Congress revives push for Marine to get Medal of Honor

Three months after former Defense Secretary Leon E. Panetta denied him the Medal of Honor, Marine Sgt. Rafael Peralta’s congressional backers have started a new effort to have him awarded the nation’s top military honor.

Led by Rep. Duncan Hunter, California Republican, a group of Democrats and Republicans in the House and Senate has introduced a resolution urging the administration to award Peralta the medal posthumously.

The move comes on the 10th anniversary of the U.S. invasion of Iraq.

Peralta was leading a squad clearing homes in Fallujah in November 2004 when he and his men ran into an ambush. He was struck in the back of the head by a bullet fragment and went down as one of the insurgents tossed a grenade toward the Marines.

The men with him say Peralta scooped the grenade to his body, absorbing the blast and saving their lives. But an independent panel, using the autopsy report, concluded that Peralta was likely blinded and left incapacitated by the bullet and was unable to knowingly scoop the grenade.

Based on that independent review, Defense Secretary Robert M. Gates downgraded Peralta’s award from the Medal of Honor to the Navy Cross. Mr. Hunter led an effort to get Mr. Panetta, who succeeded Mr. Gates, to reverse the decision, but last December Mr. Panetta refused.

The refusal rankled Mr. Hunter, who said the eyewitness testimony should be good enough.

“We trusted our Marines to reclaim the insurgent stronghold of Fallujah and fight through Iraq and Afghanistan, and we should trust our Marines when they say that Sergeant Peralta pulled the grenade into his body,” Mr. Hunter said.

Now, with new Defense Secretary Chuck Hagel — who served as an enlisted man in the Vietnam War — at the Pentagon’s helm, Mr. Hunter has decided to try again.

He plans to resubmit the paperwork to try to get Mr. Hagel to revisit the decision, and has also introduced the resolution urging that the award be granted. The resolution has support from Sens. Dianne Feinstein, California Democrat, and Marco Rubio, Florida Republican. In the House, it has the support of more than two dozen lawmakers from both parties.

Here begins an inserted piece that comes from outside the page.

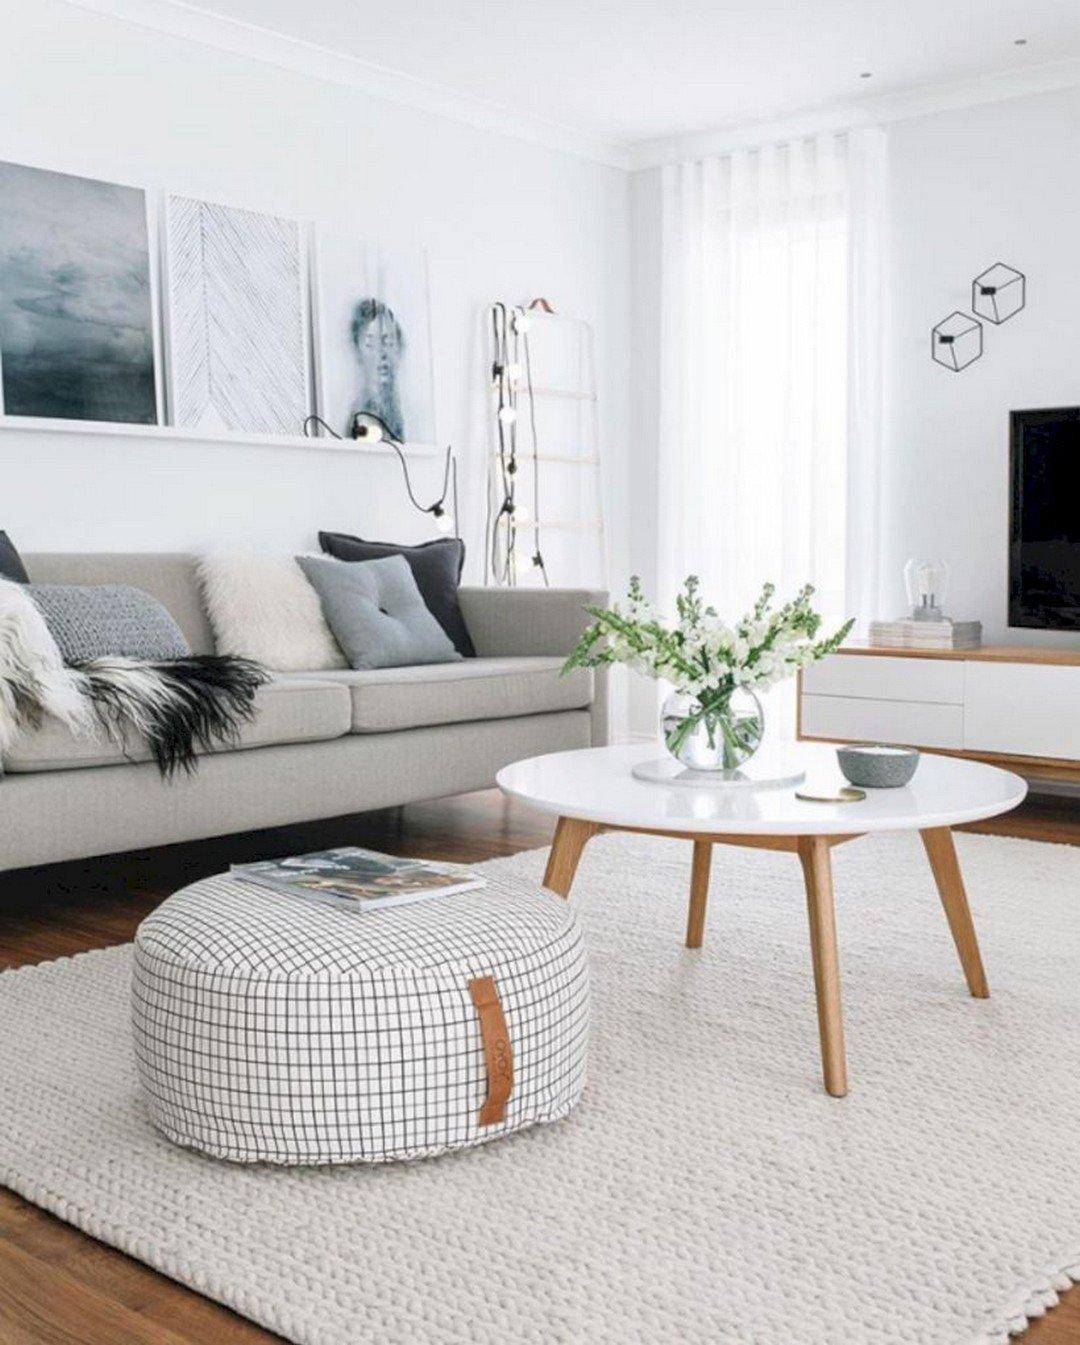 Cozy Small Living Room Ideas Luxury 15 Perfect and Cozy Small Living Room Design De Agz

“Seven eyewitnesses confirmed that Sergeant Peralta smothered the grenade with his body, with four of the accounts, taken independently, stating that he gathered the grenade with his right arm,” the resolution reads, adding that “the historical standard for the Medal of Honor is two eyewitness accounts.”

In denying the medal last year, Mr. Panetta said there was still too much doubt based on the forensic evidence. Navy regulations say there must be “no margin of doubt or possibility of error” in awarding the Medal of Honor.

“In light of the strict standards that have been established for awarding the Medal of Honor and the fact that a thorough review of the evidence has not indicated ‘proof beyond a reasonable doubt,’ I cannot in good conscience change the recommendation of Secretary Robert Gates,” Mr. Panetta said in a letter to Mr. Hunter explaining the decision.

Peralta’s family at the time said they had not yet claimed the Navy Cross, and were still hoping for the higher Medal of Honor recognition.

Peralta’s case has become something of a cause for Mr. Hunter, who served tours as a Marine officer in both Afghanistan and Iraq before winning election to Congress.